## Work item
Give an exact copy of the data that follows, but none of its pictures.

## Given information
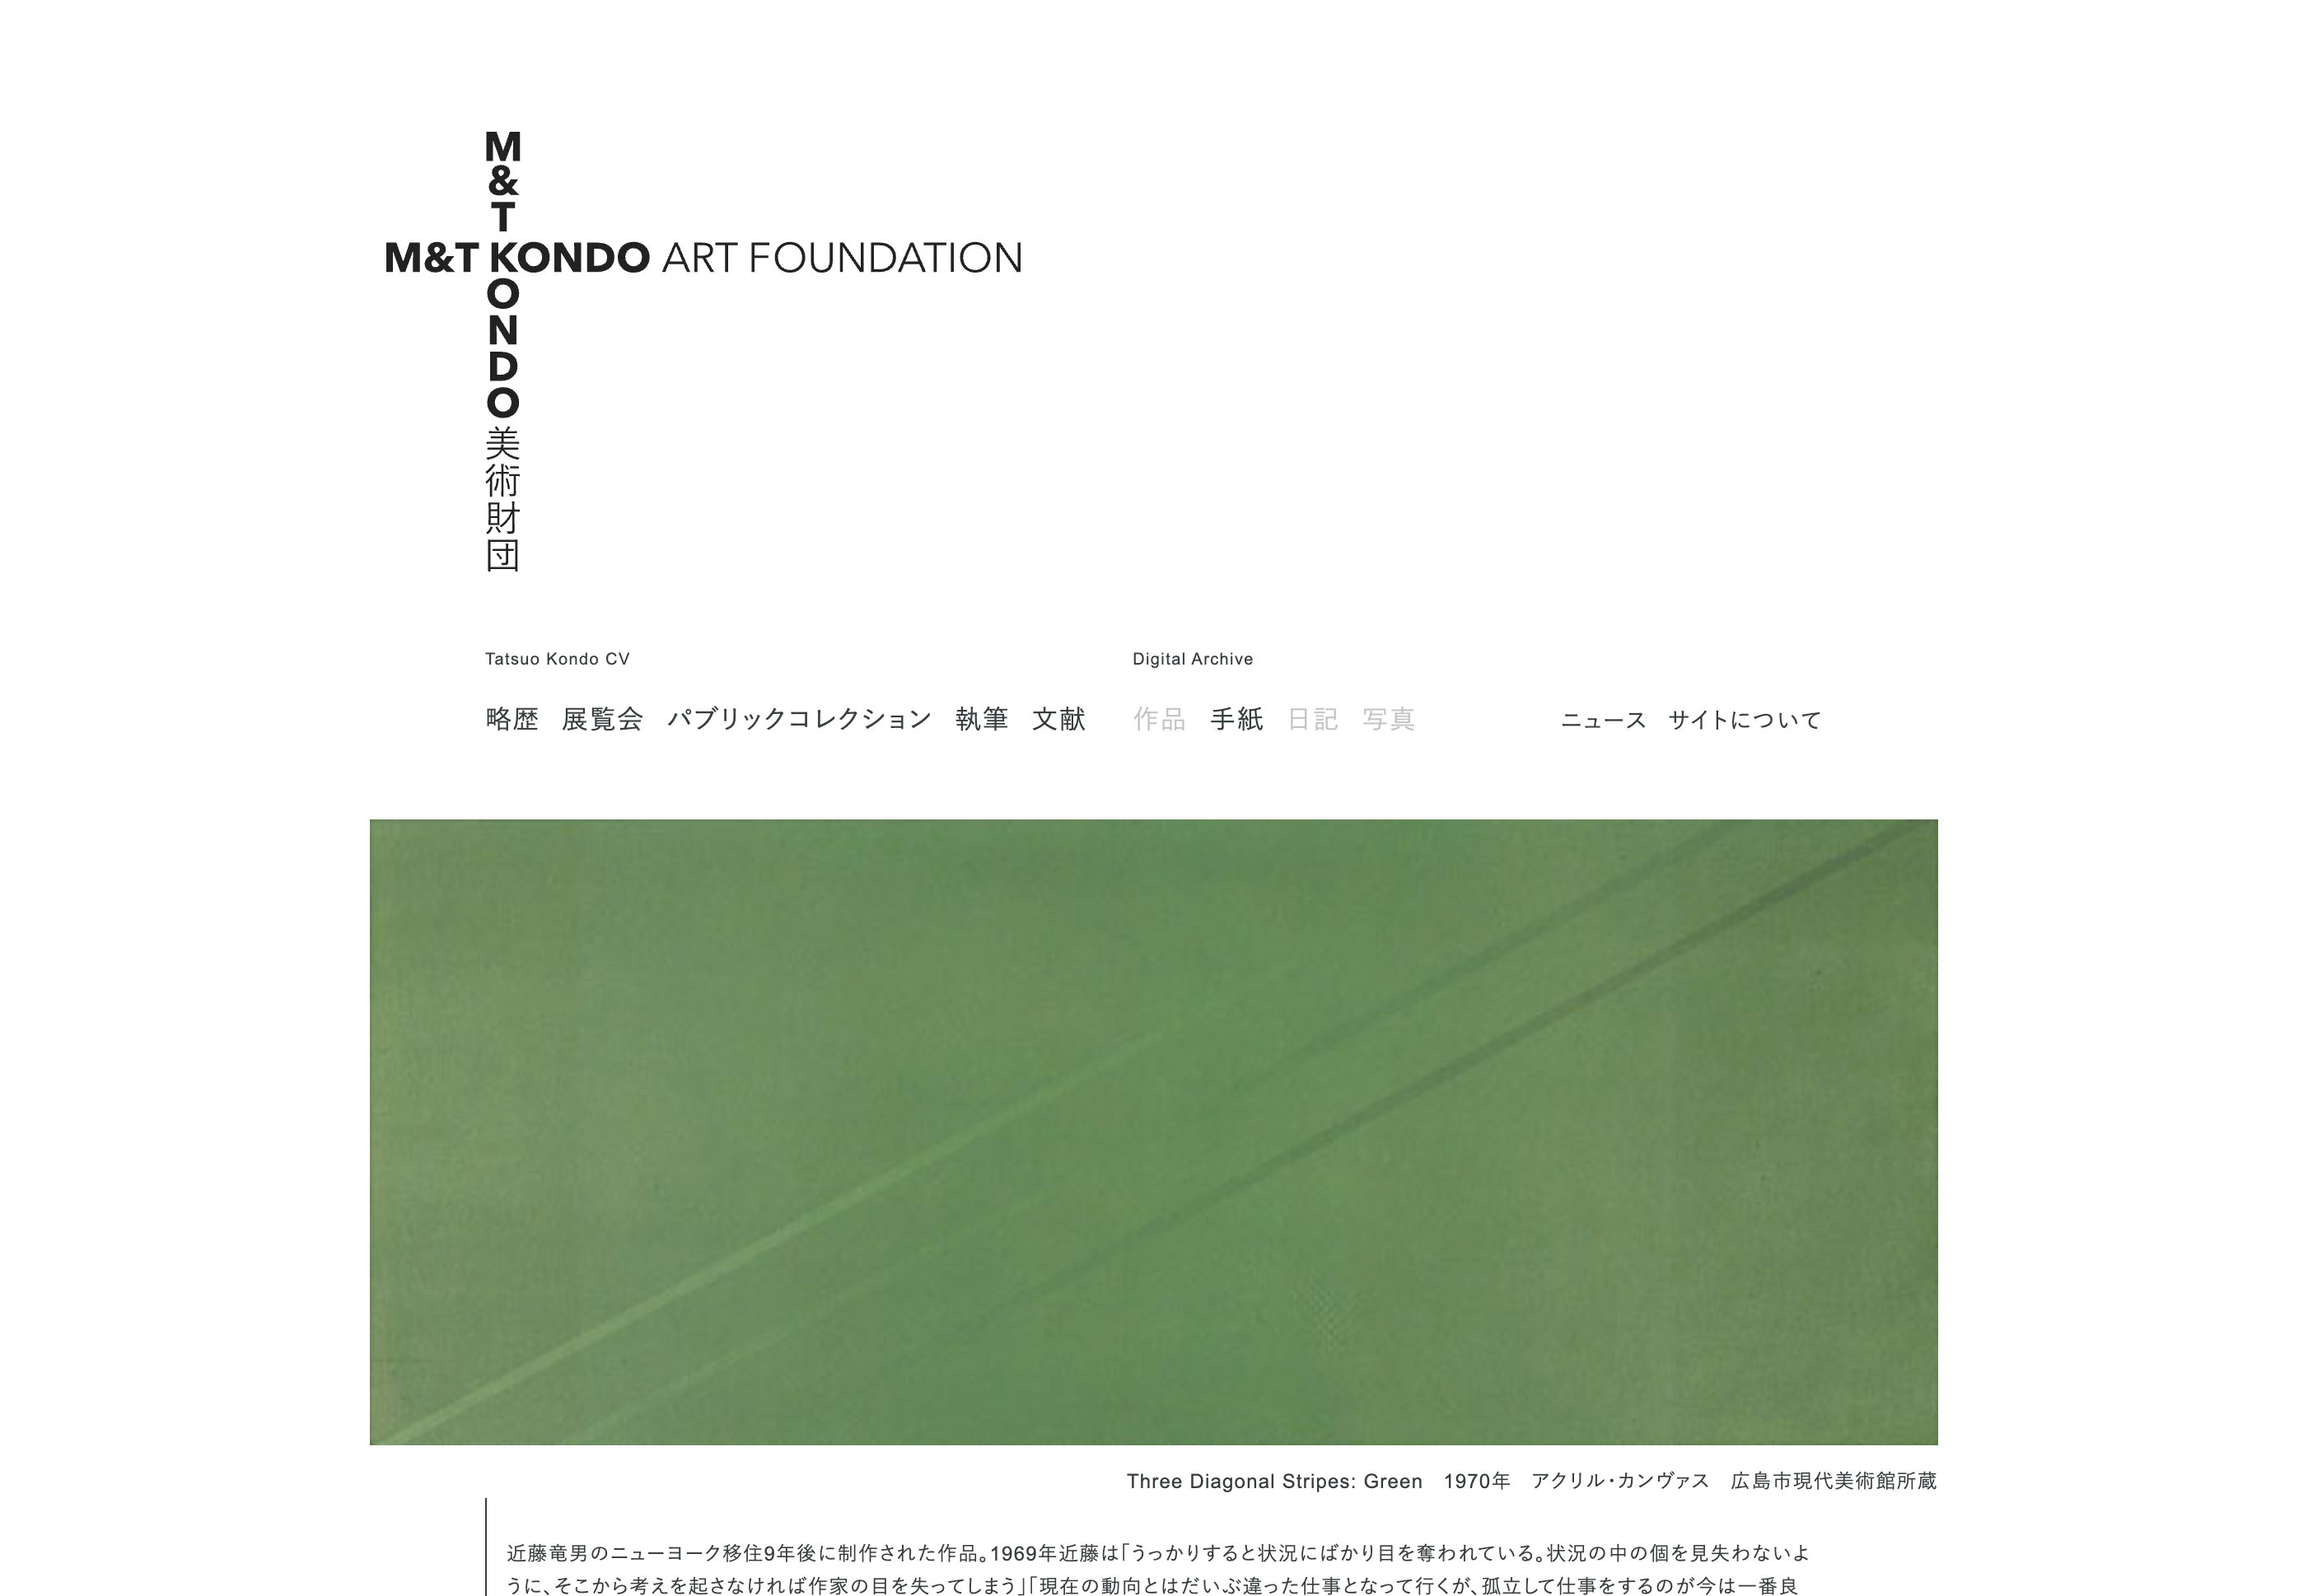 近藤竜男 M&T KONDO美術財団 Tatsuo KONDO - M&T KONDO ART FOUNDATION
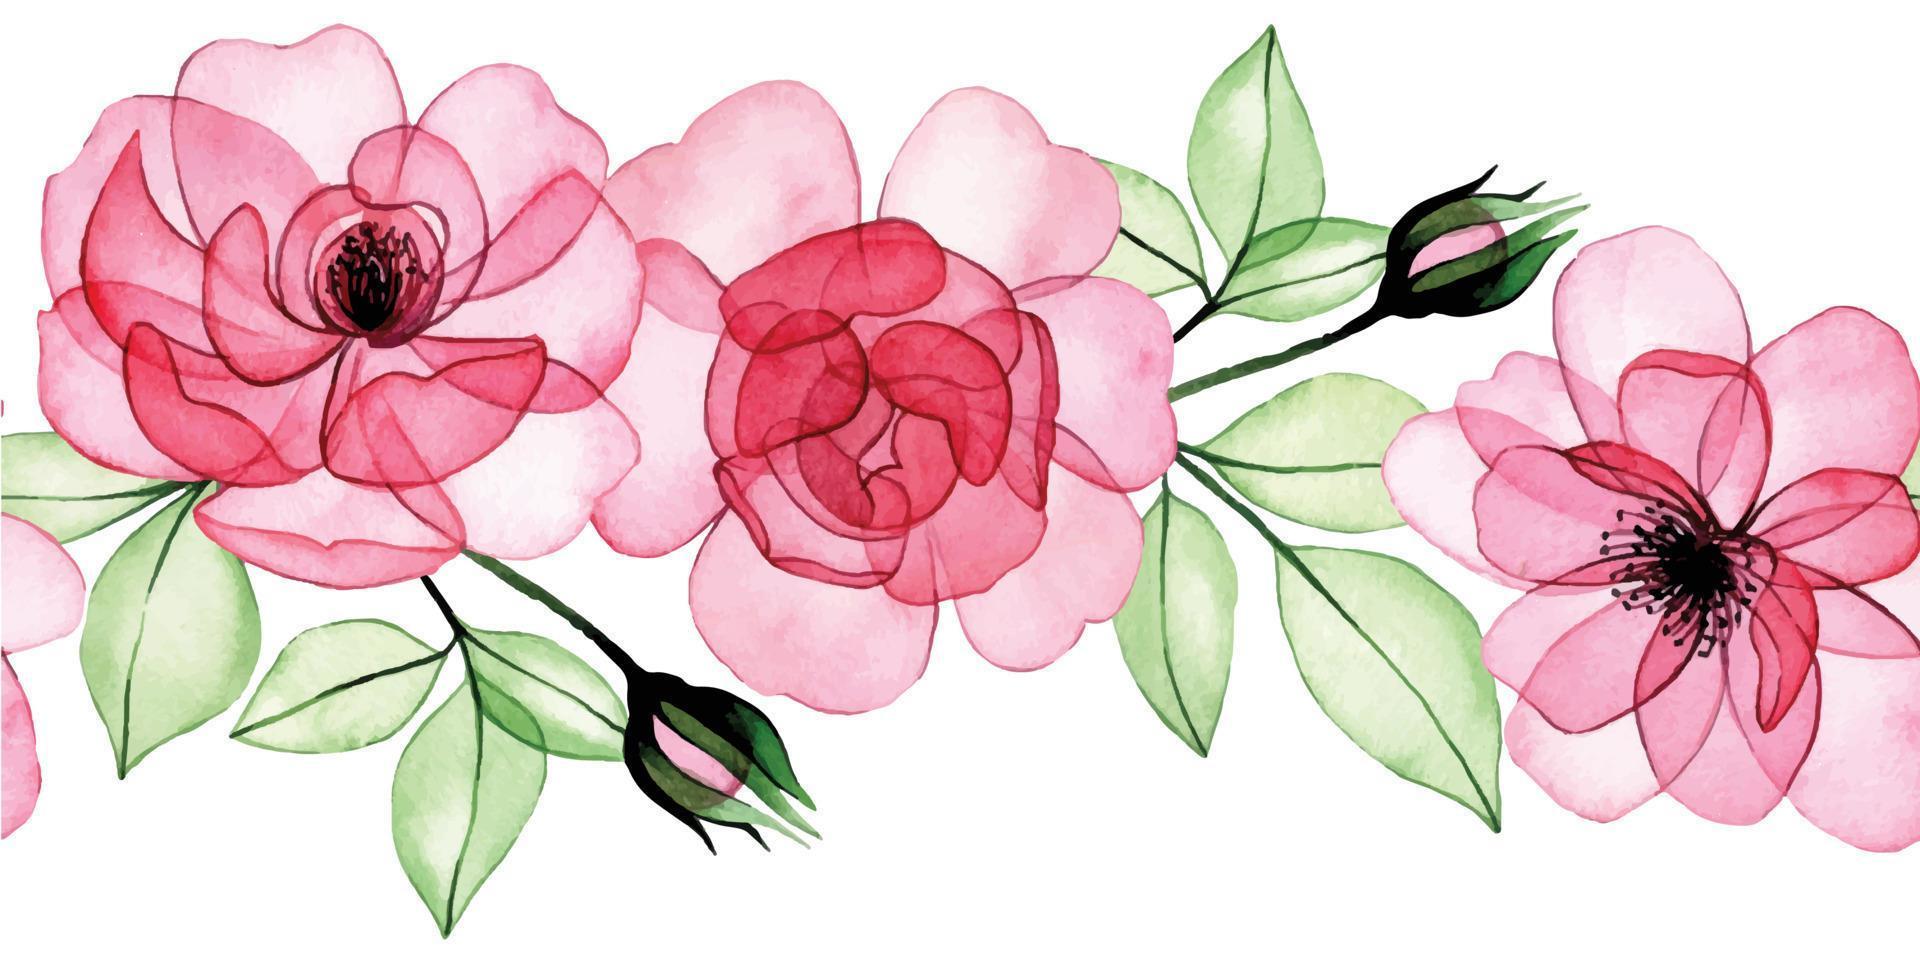 dessin à l'aquarelle. bordure transparente, cadre de fleurs transparentes, roses roses, bourgeons et feuilles. radiographie vecteur
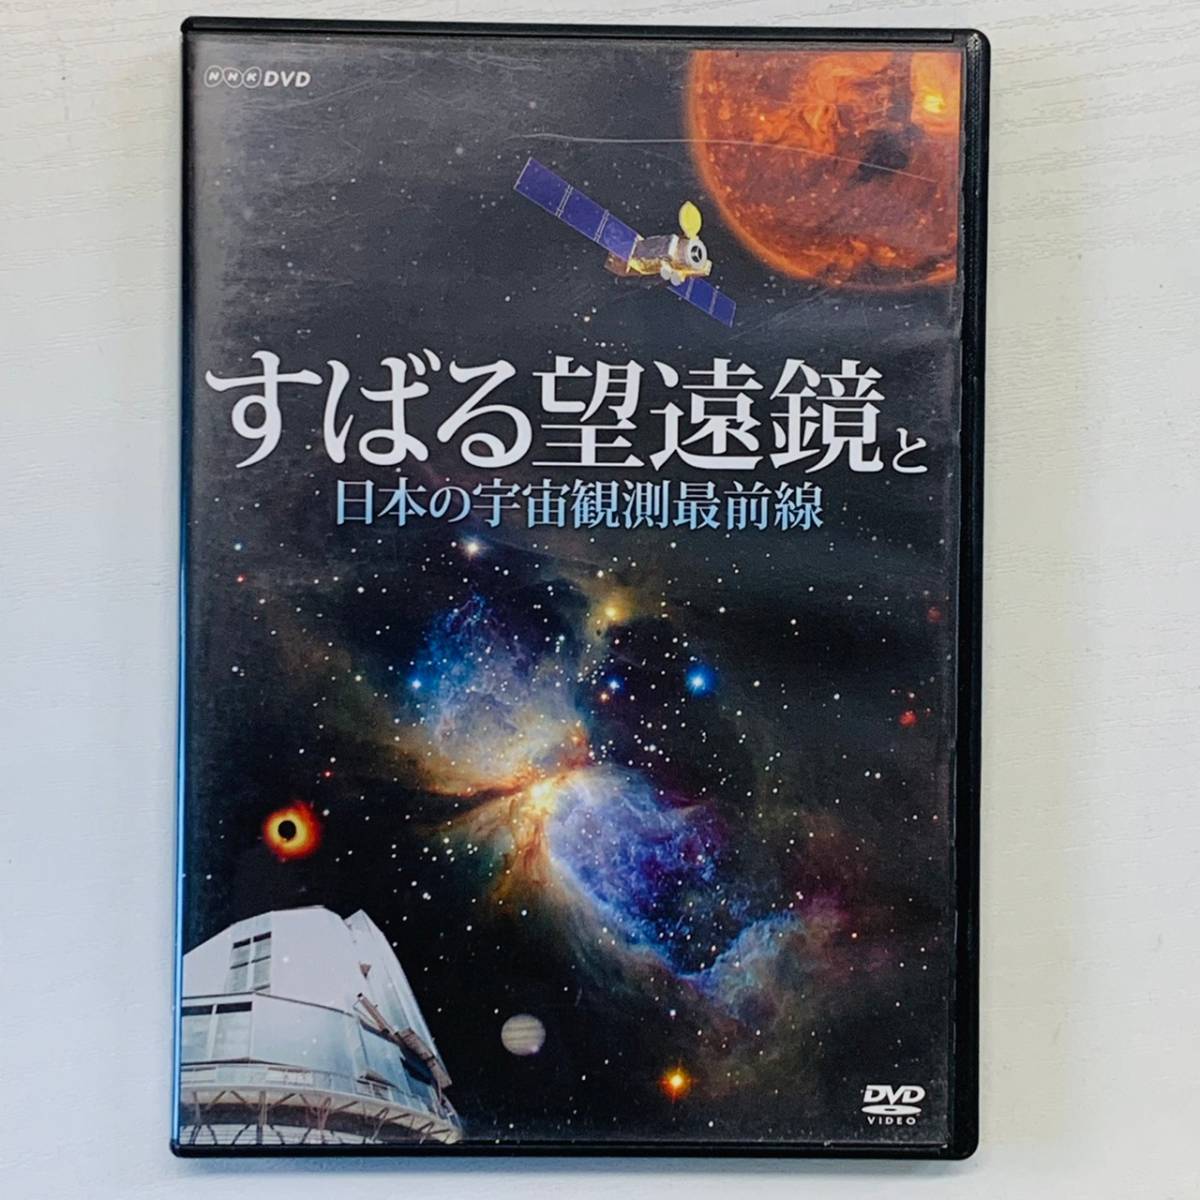 すばる望遠鏡と日本の宇宙観測最前線 DVD VIDEO TNA18_画像1

## Your solution
 近藤竜男 M&T KONDO美術財団 Tatsuo KONDO - M&T KONDO ART FOUNDATION
 dessin à l'aquarelle. bordure transparente, cadre de fleurs transparentes, roses roses, bourgeons et feuilles. radiographie vecteur
 すばる望遠鏡と日本の宇宙観測最前線 DVD VIDEO TNA18_画像1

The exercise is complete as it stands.